ASSIGNED TASK
For the copy, please give all of the data again exactly and leave the pictures out.

SOURCE MATERIAL
--- START ---

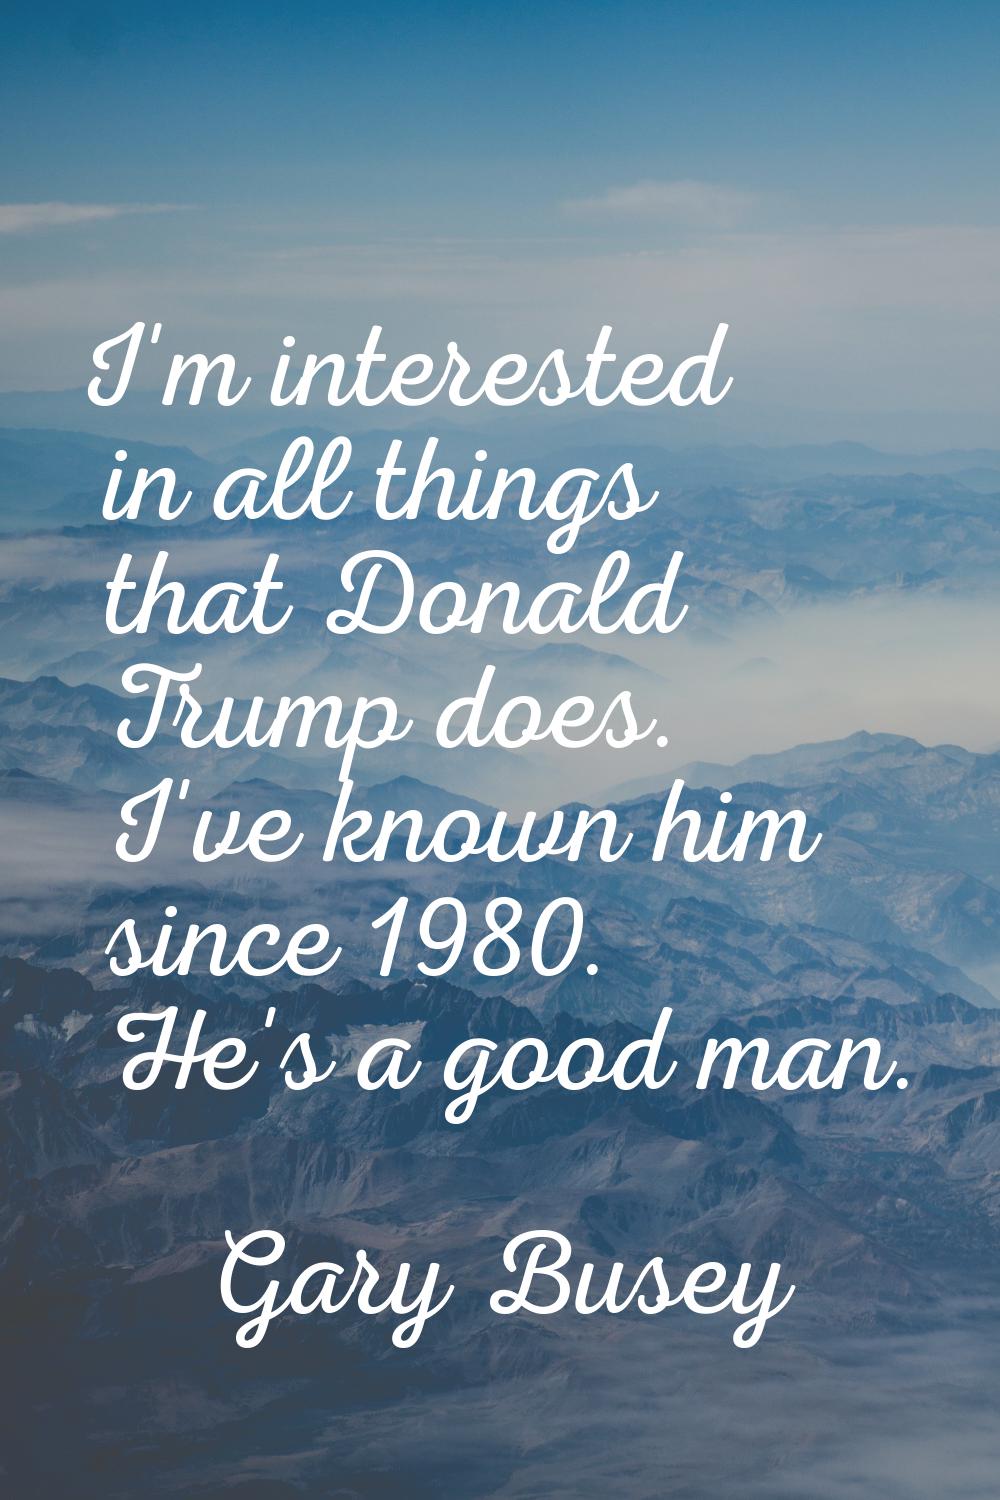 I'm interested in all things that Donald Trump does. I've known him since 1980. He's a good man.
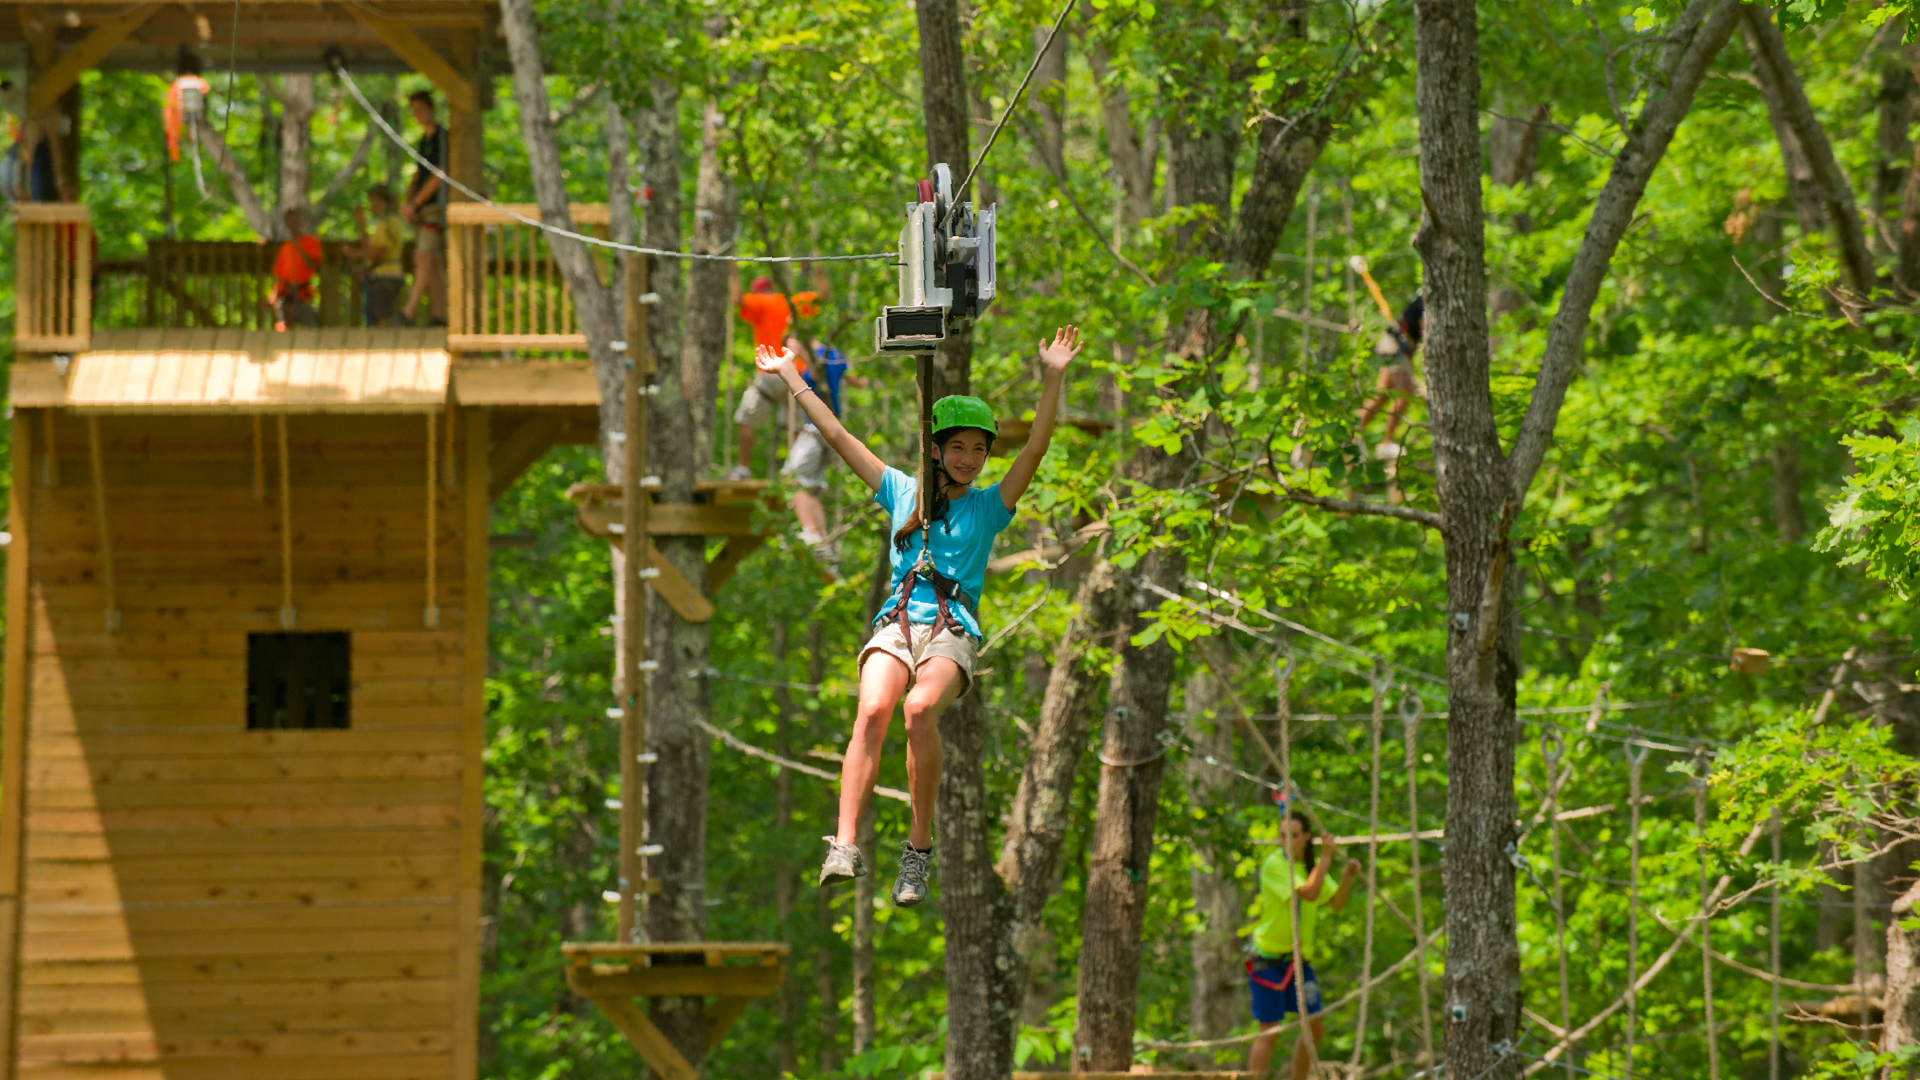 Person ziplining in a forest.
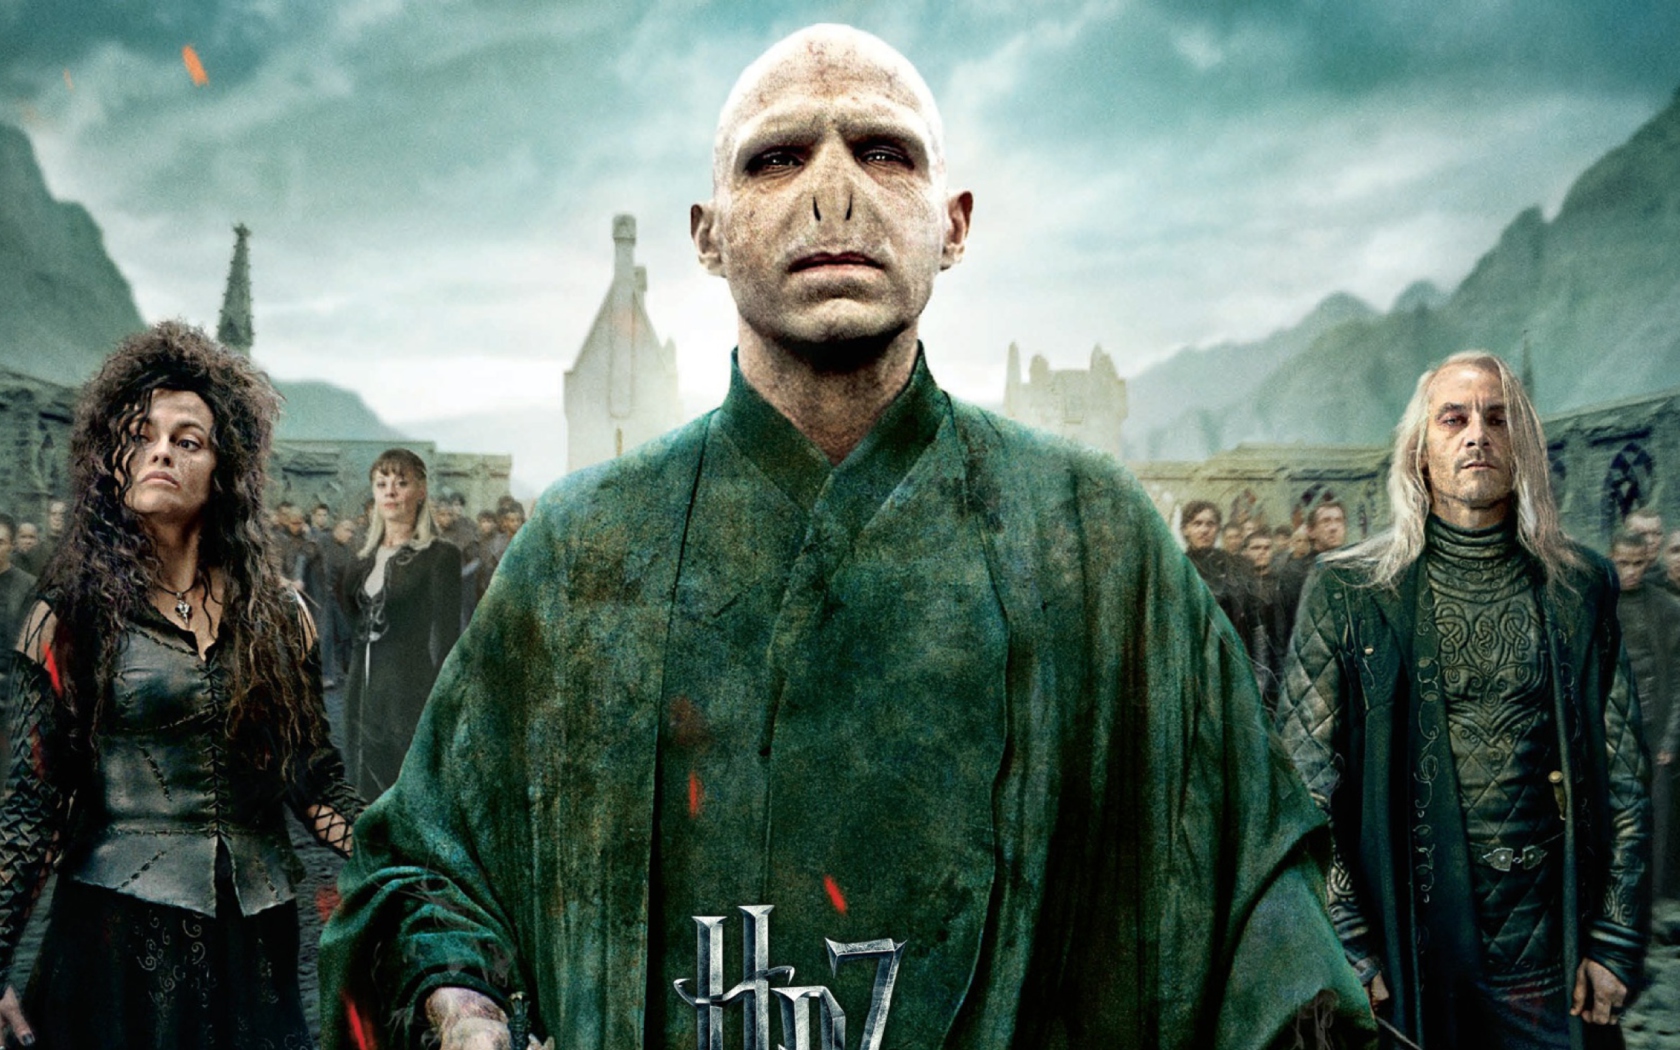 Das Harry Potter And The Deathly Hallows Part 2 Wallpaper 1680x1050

--- END ---

OUTPUT FOR THIS EXERCISE
 I'm interested in all things that Donald Trump does. I've known him since 1980. He's a good man.
 Person ziplining in a forest.
 Das Harry Potter And The Deathly Hallows Part 2 Wallpaper 1680x1050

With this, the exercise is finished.